До войны кинокритик Алексей Артамонов был программным директором Фестиваля дебютного кино в Новой Голландии в Петербурге, курировал спецпрограммы на многих других смотрах и считался одним из самых востребованных специалистов в индустрии. Весной 2022-го он бросил все и уехал в Узбекистан. Почему именно туда? Каково ему жить среди тех, кого раньше он видел только как трудовых мигрантов в России? Можно ли построить культурные институты в незнакомой стране со своими традициями? Обо всем этом Артамонов написал в очень личной колонке для Republic-Weekly.
Много ли вы знаете об Узбекистане? Мои знания до переезда сюда в марте 2022-го, честно сказать, ограничивались расхожими клише — в общем, колониальными: что трудовые мигранты оттуда массово едут в Россию (на самом деле с пикового 2014 года их количество в стране постепенно уменьшается), что Бухара — сказочный восточный оазис в пустыне (дух древности этого места действительно сложно не экзотизировать, но я понятия не имел, например, что его населяют в основном таджики), что Ташкент — город хлебный (правда, лишь наполовину, потому что западная хлебная культура здесь на равных сосуществует с восточной рисовой) и что Узбекистан, скажем, родина плова (другие страны Центральной Азии тут бы поспорили, да и национальные государства на этой территории возникли лишь при большевиках, до этого государственные образования здесь строились совсем не по этническому принципу). Место для эмиграции я выбирал скорее от противного. Грузию и Армению, самые популярные направления, отмел сразу же, потому что боялся быть обреченным на инцестуозную диаспоральную жизнь, когда не можешь выйти в бар, не встретив богемных знакомых из Москвы или Питера. Немало времени в своей жизни проведя в Тбилиси, я прекрасно знал, насколько сложнопроницаемы там границы между российскими и местными сообществами.
Пройдя за пару недель с 24 февраля известный путь от «ни за что не уеду, буду бороться» до «протест провалился, а карьера окончена», я отчетливо ощущал необходимость строить новую жизнь, совершенно не представляя, какой она могла бы быть.

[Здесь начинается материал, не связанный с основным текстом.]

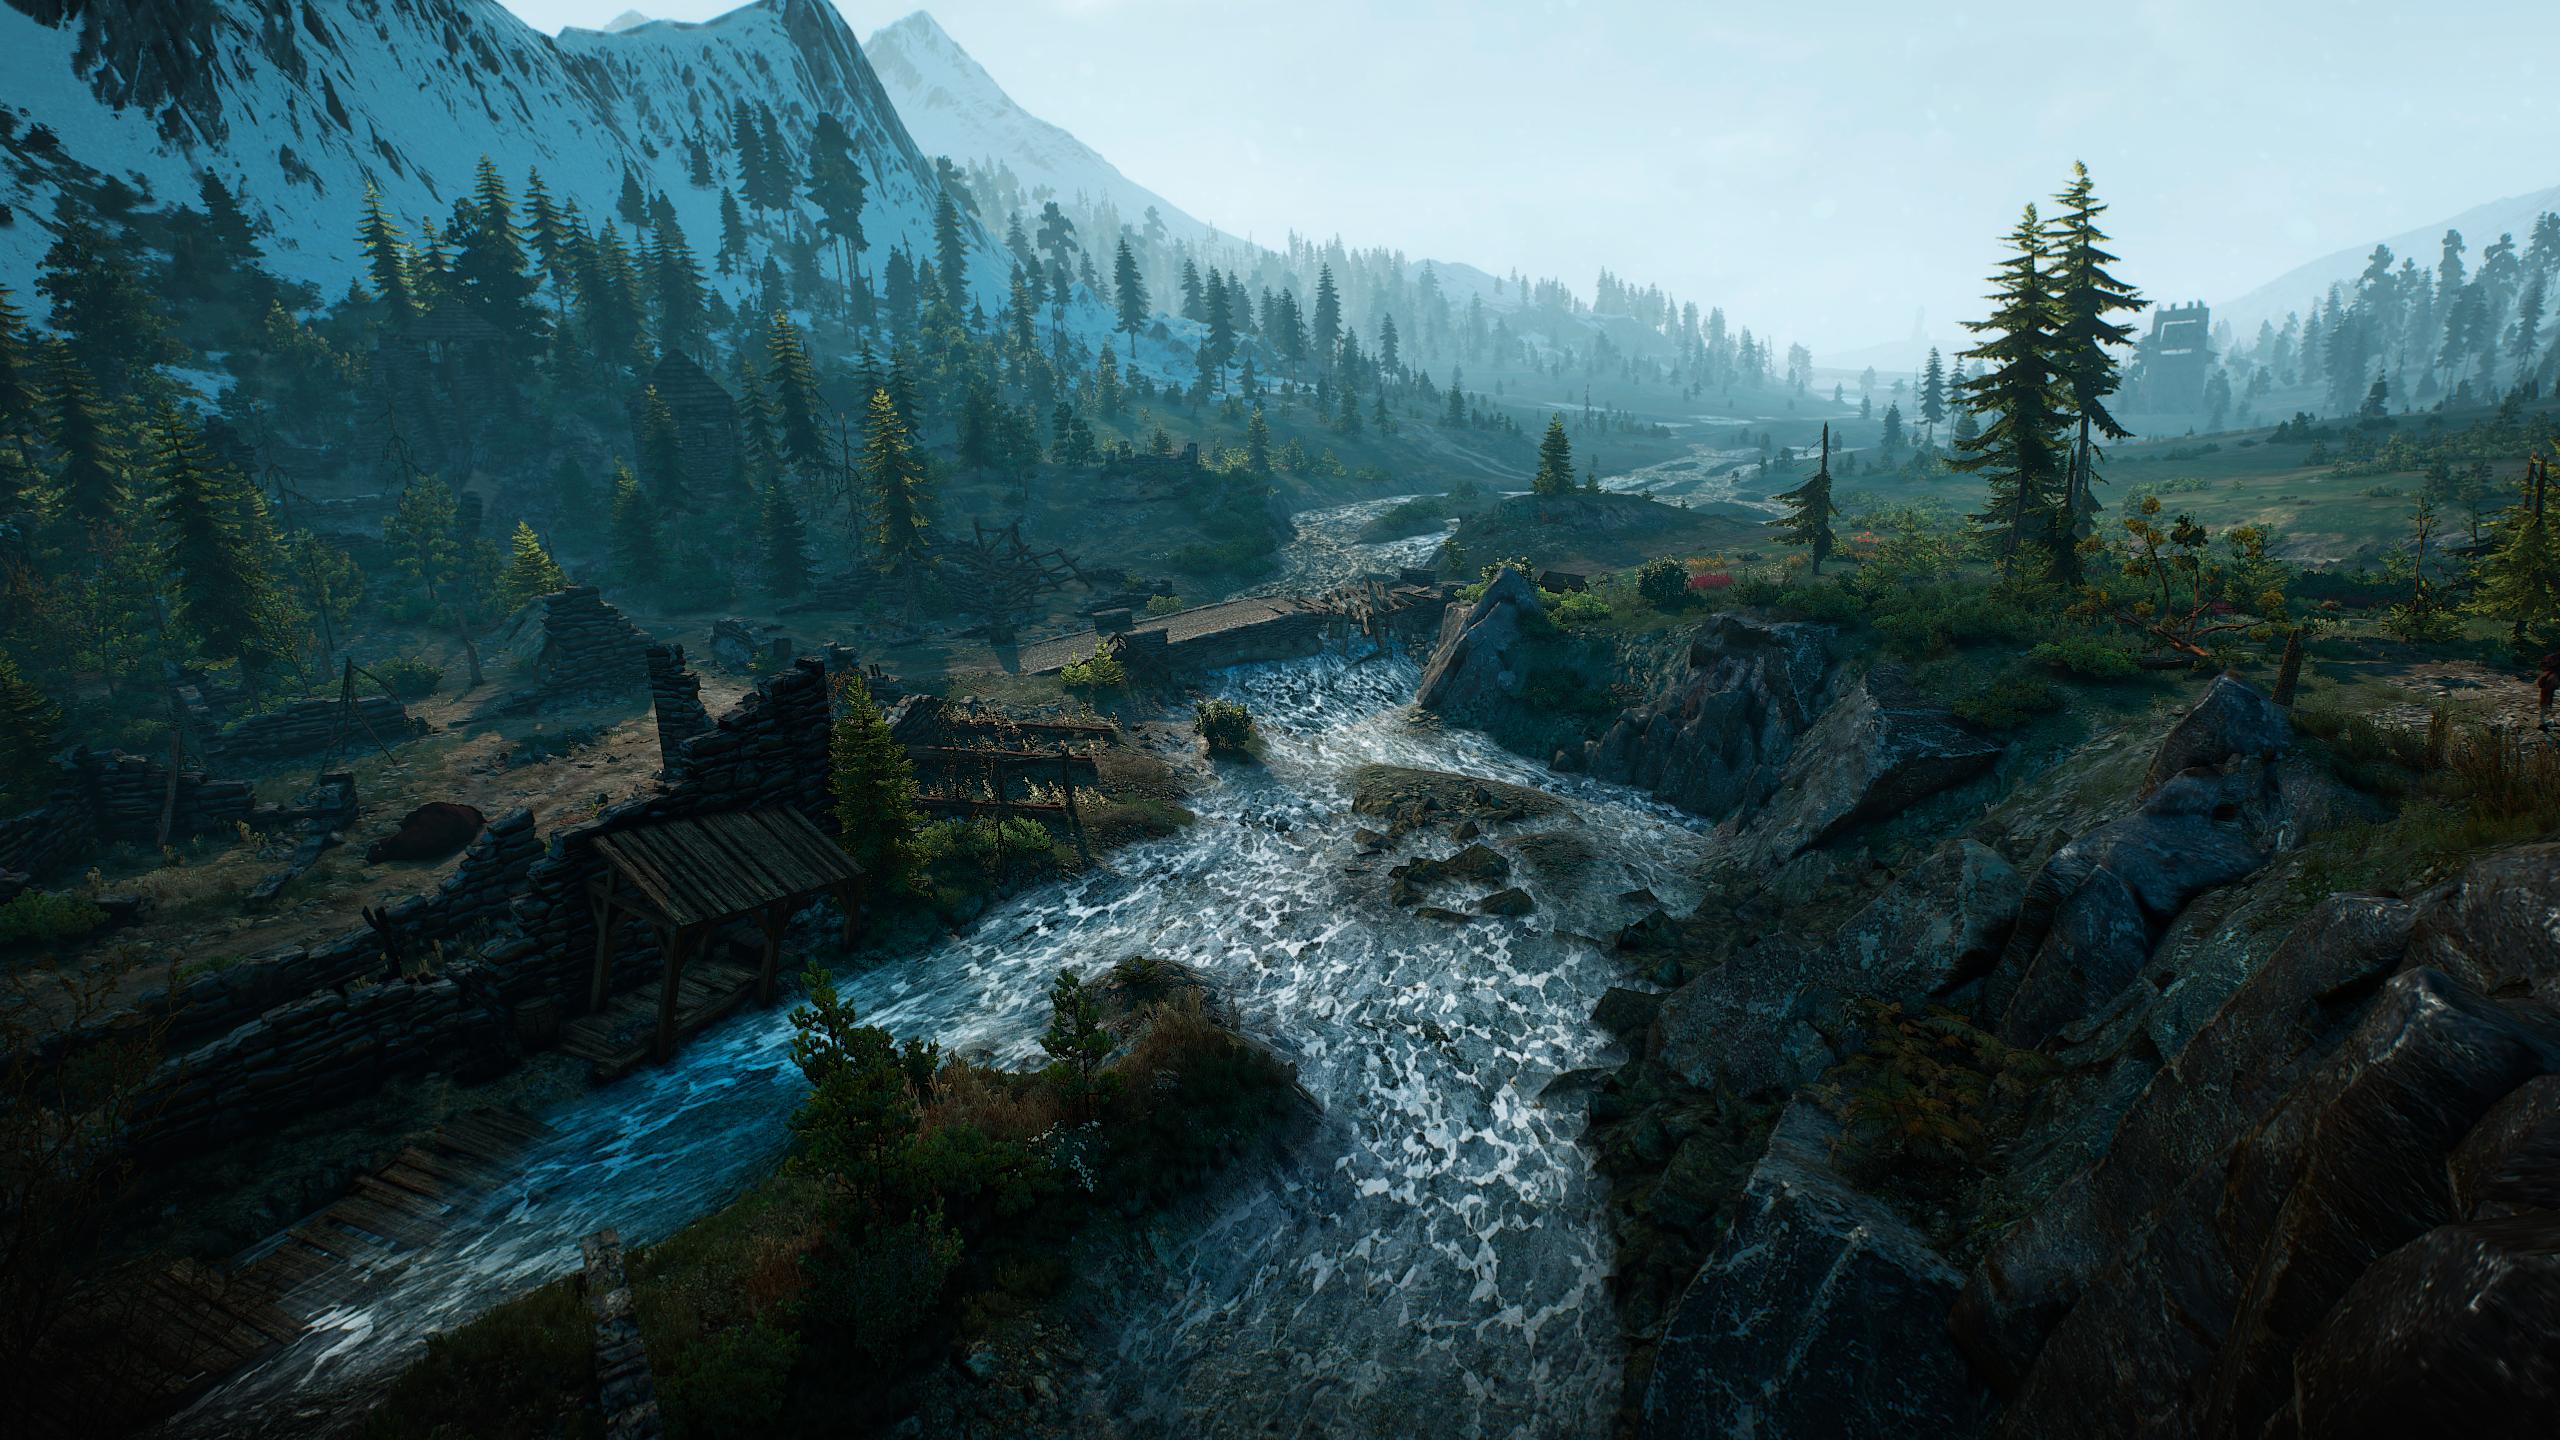 General 2560x1440 landscape video game art video games screen shot The Witcher 3: Wild Hunt

И мне хотелось выстраивать ее не с бизнес-релокантами (ненавижу этот эвфемизм, выдуманный людьми, не способными назвать себя мигрантами; по-моему, смешно, что в Узбекистане нас называют репликантами), а с местными жителями, с которыми я мог бы разделить общие ценности и интересы. И хоть я совсем не думал тогда о деколониальных настроениях, усилившихся, понятно, после начала войны, и о том, что знаменитое узбекское гостеприимство (во многом мифологизированное советской властью во время эвакуации) не особо распространяется на культурное поле и «специалистов» из метрополии, мои ставки все же оправдались, и люди из локального сообщества для меня теперь зачастую больше «свои», чем многие оставанцы или уехавшие.
Но тут, конечно, есть свои нюансы.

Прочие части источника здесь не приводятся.